リーダーの訓栄(さとえい)にどうだ?と聞いたら予想した通り不安顔。
早速演奏させ聴いてみたが上手(かみて)と下手(しもて)の速度が違いズレてしまっている。
今回は孫弟子が多くメンバーに入っており、普段あまり稽古を見る機会が無い為、私が個々の技術を充分に把握しきれてない。
従って合奏の際、演奏の善し悪しを左右するメンバーの配置に迷った。


事前の最終稽古でう~ん、今一つだなあと思う人も何人かいたが各師匠達がその辺は解って推薦している以上、その単会の事情もあり、無下に外せない。



演奏を聴いて急遽列びを変更、大分揃って来たが、曲が難し過ぎて完璧とは行かない。
それもそのはず、曲目は秋田が生んだ三味線名人位、故『浅野梅若』師匠が作り上げた名曲中の名曲、仙北荷方節、本荘追分、秋田荷方節の三曲をメドレーにしたもの。


特に秋田荷方節は繊細ですきがなくツボも難しい。
とても経験の浅い人が弾ける曲ではない。
今年の秋田民謡全国大会三味線の部門に37人しか出てない事を考えると49人の出場者がいかに多いかが理解して戴けるはずだ。

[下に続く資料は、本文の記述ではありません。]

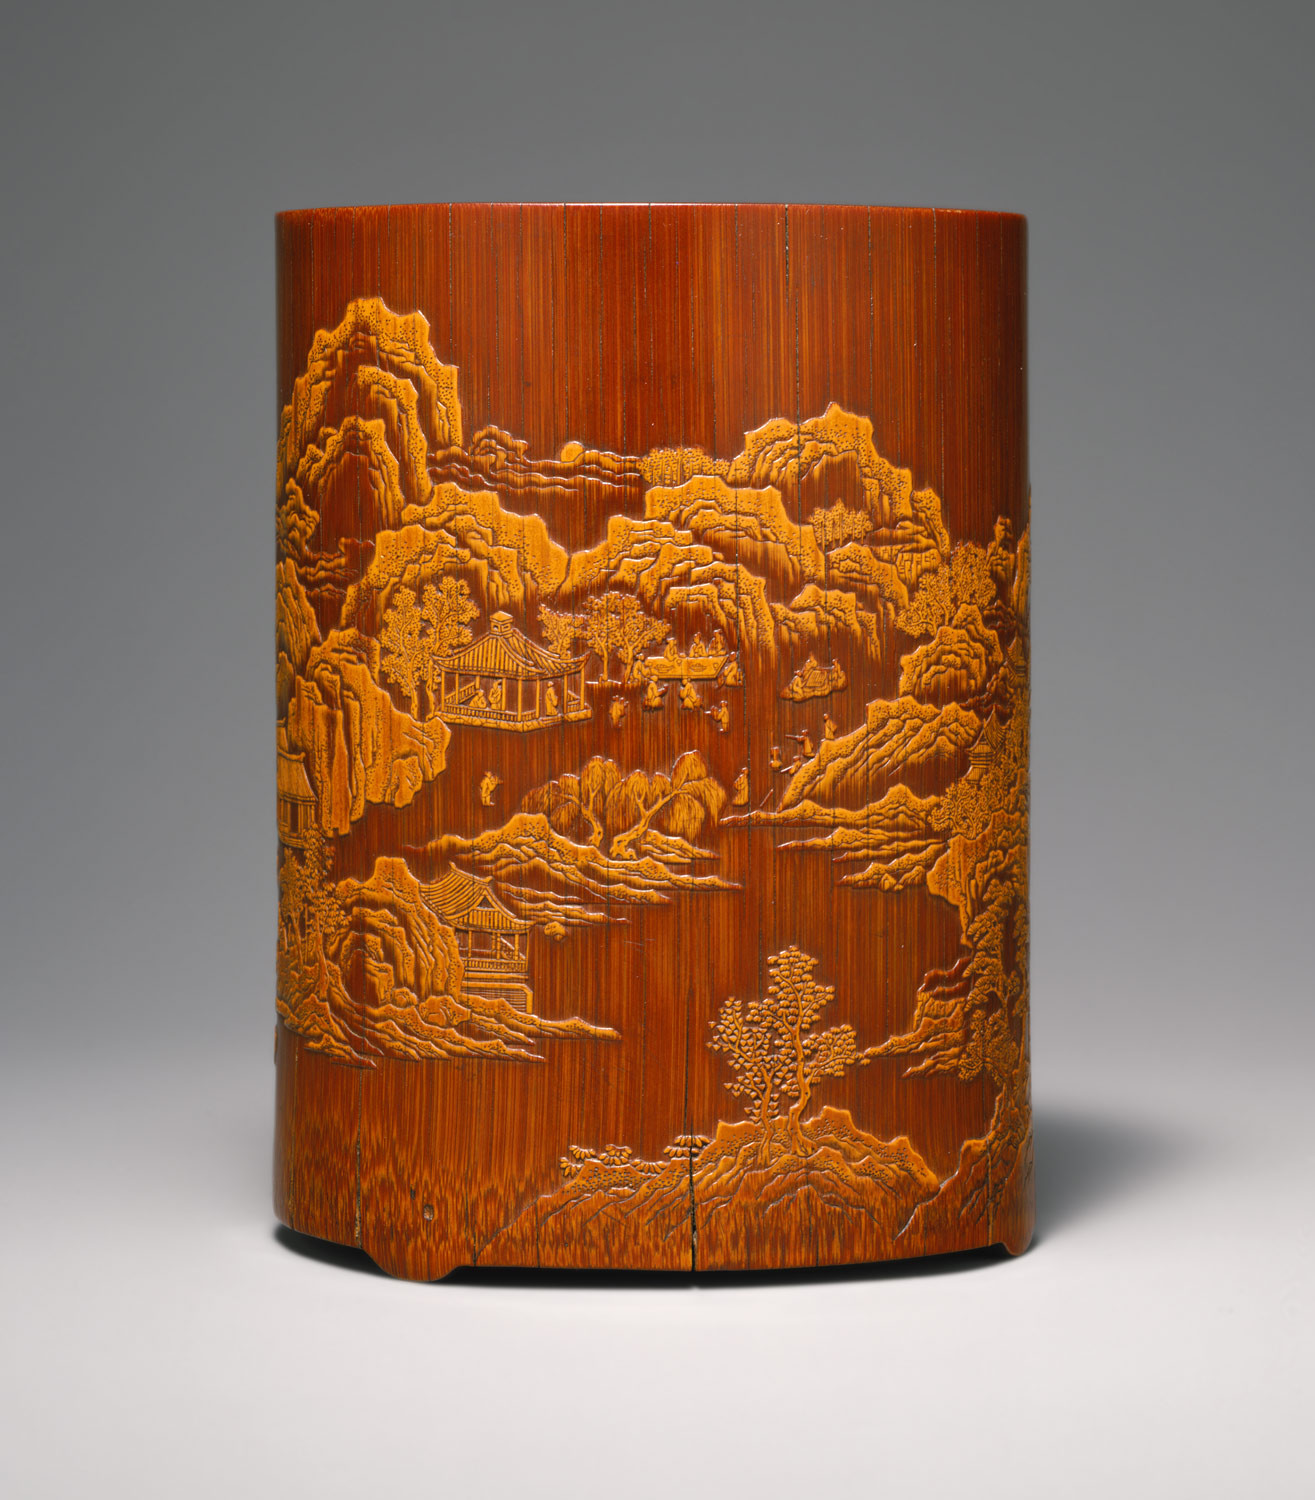 28 Unique 17th Century Chinese Vase 2024 free download 17th century chinese vase of chinese calligraphy essay heilbrunn timeline of art history in brush holder with ode to the pavilion of the inebriated old man

何度か列びを変更し大分揃ってきたのであとは自信持って弾く様激励し、私は審査に戻る。
地域がバラバラなので事前に集まって練習する事が出来ず、そもそも毎年当日でなければ音合わせが出来ないと言うのは無謀な話だ。しかし昭和60年の初出場から毎年このスタイルでやってきた。


藤秋会は不思議と本番に強い。
後は弟子を信じるのみ。
そして遂にその瞬間が来た!




つづく

テーマ:津軽三味線
ジャンル:音楽
今日の天気予報は雲のち雨、降水確率50%。器楽合奏コンクールに出場する藤秋会は11時半集合だが、雨が降るといつも音合わせしている外の階段が使えない。
朝起きて直ぐその事が気になりホテルの部屋のカーテンを開け空を眺めたが、鈍よりと今にも泣きそうな景色が広がっている。


ああ~、雨かなあ?
独り言をつぶやきながら雨が降らない事を祈る。
8時半に武道館に入り9時から審査に臨むが見えない外の天気が気になる。



今回の出場選手は総勢49人。
内訳は秋田3人、東京、3人、神奈川2人、富山7人、愛知、19人、岐阜1人、三重9人、愛媛2人、鹿児島3人。
1都8県からの寄せ集めであり、このメンバーでこの曲を合わせるのは今日が初めてである。
もし雨の場合この人数で音合わせ場所を確保するのが難しく、ぶっつけ本番も覚悟しなければならないが、正直この曲はそんな甘い曲ではない。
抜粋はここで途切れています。